$BTC The actual manipulators of market fluctuations (such as market makers), rather than the institutions or long/short forces traditionally recognized. They create liquidity through two-way quotes and then create a liquidity vacuum by withdrawing orders— for example, placing large sell orders at key positions to induce panic and lure retail investors into cutting losses; or pretending to support orders to attract follow-up trades and then suddenly withdrawing orders, triggering programmed stop-loss orders.
This precise strike of "placing orders - withdrawing orders" is essentially a sweep of retail stop-loss positions. The purpose is not to create trends, but to complete liquidity tasks (such as the scheduled quantitative goals commissioned by brokerages) through the cycle of "sweeping out short positions and then sweeping long positions."

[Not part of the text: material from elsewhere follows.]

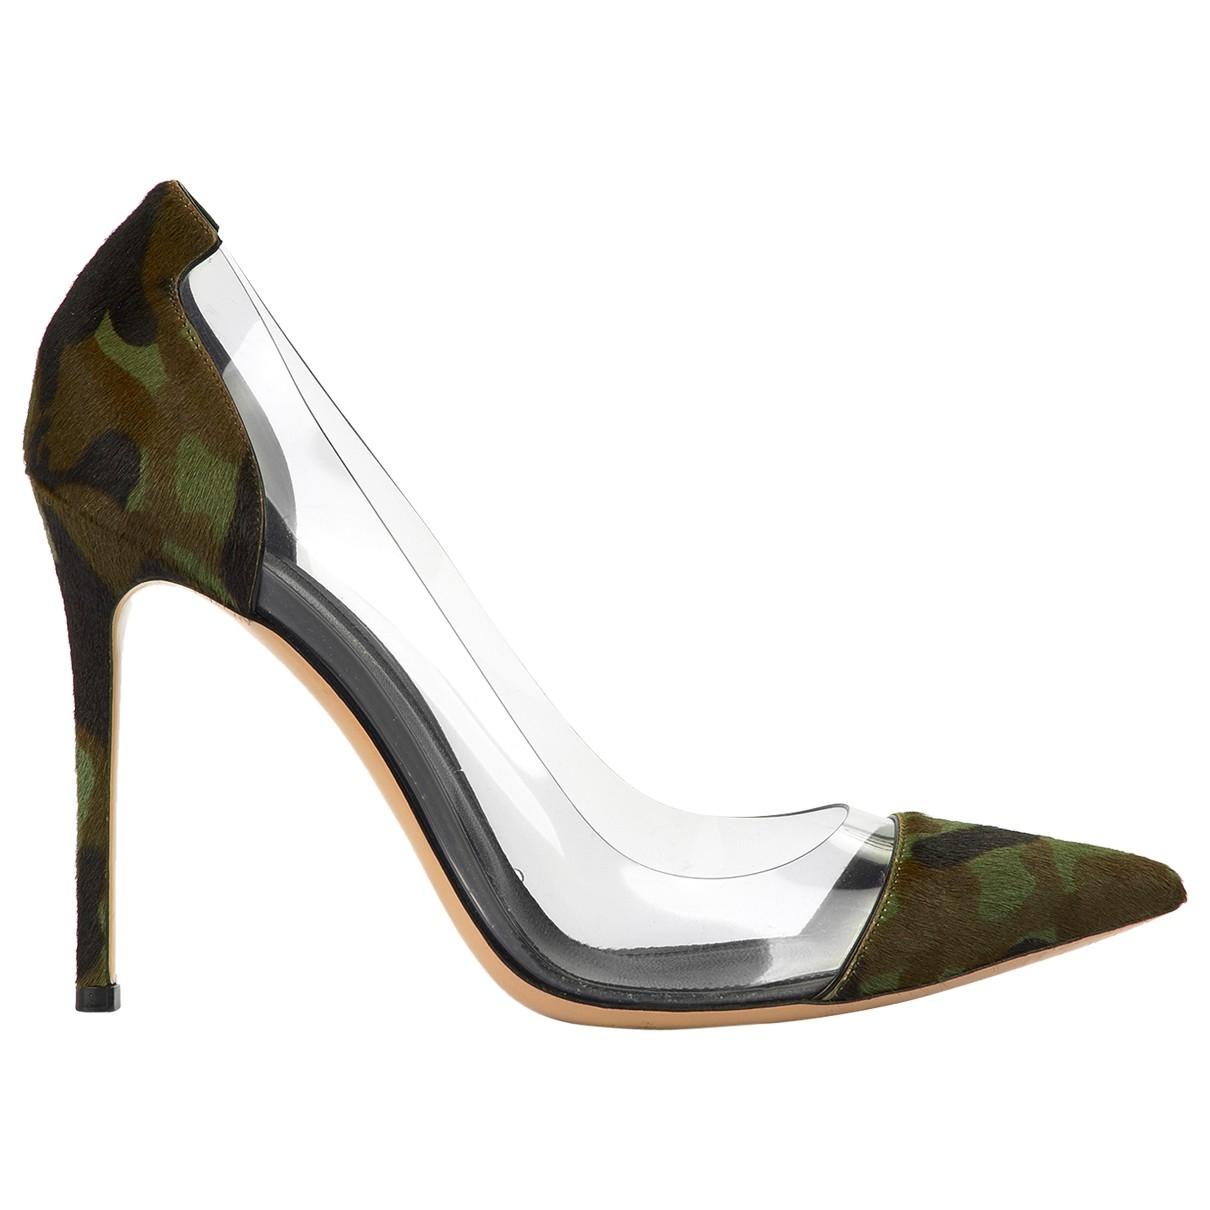 Gianvito Rossi - Escarpins Plexi pour femme en cuir - vert

What is called "stop-loss sweeping" essentially creates passive buying and selling: when stop-loss orders are triggered, the behavior of retail investors being forced to close positions transforms into enforced market transactions, resulting in passive buying or selling.
The true main force is not a concrete institution, but rather the abstract behavior of quoting and withdrawing orders themselves—it directly manipulates the distribution of liquidity and dominates the direction of price fluctuations. Understanding the core of the market lies in recognizing that market fluctuations are driven by the quotes of liquidity controllers, rather than a simple aggregation of active buying and selling intentions.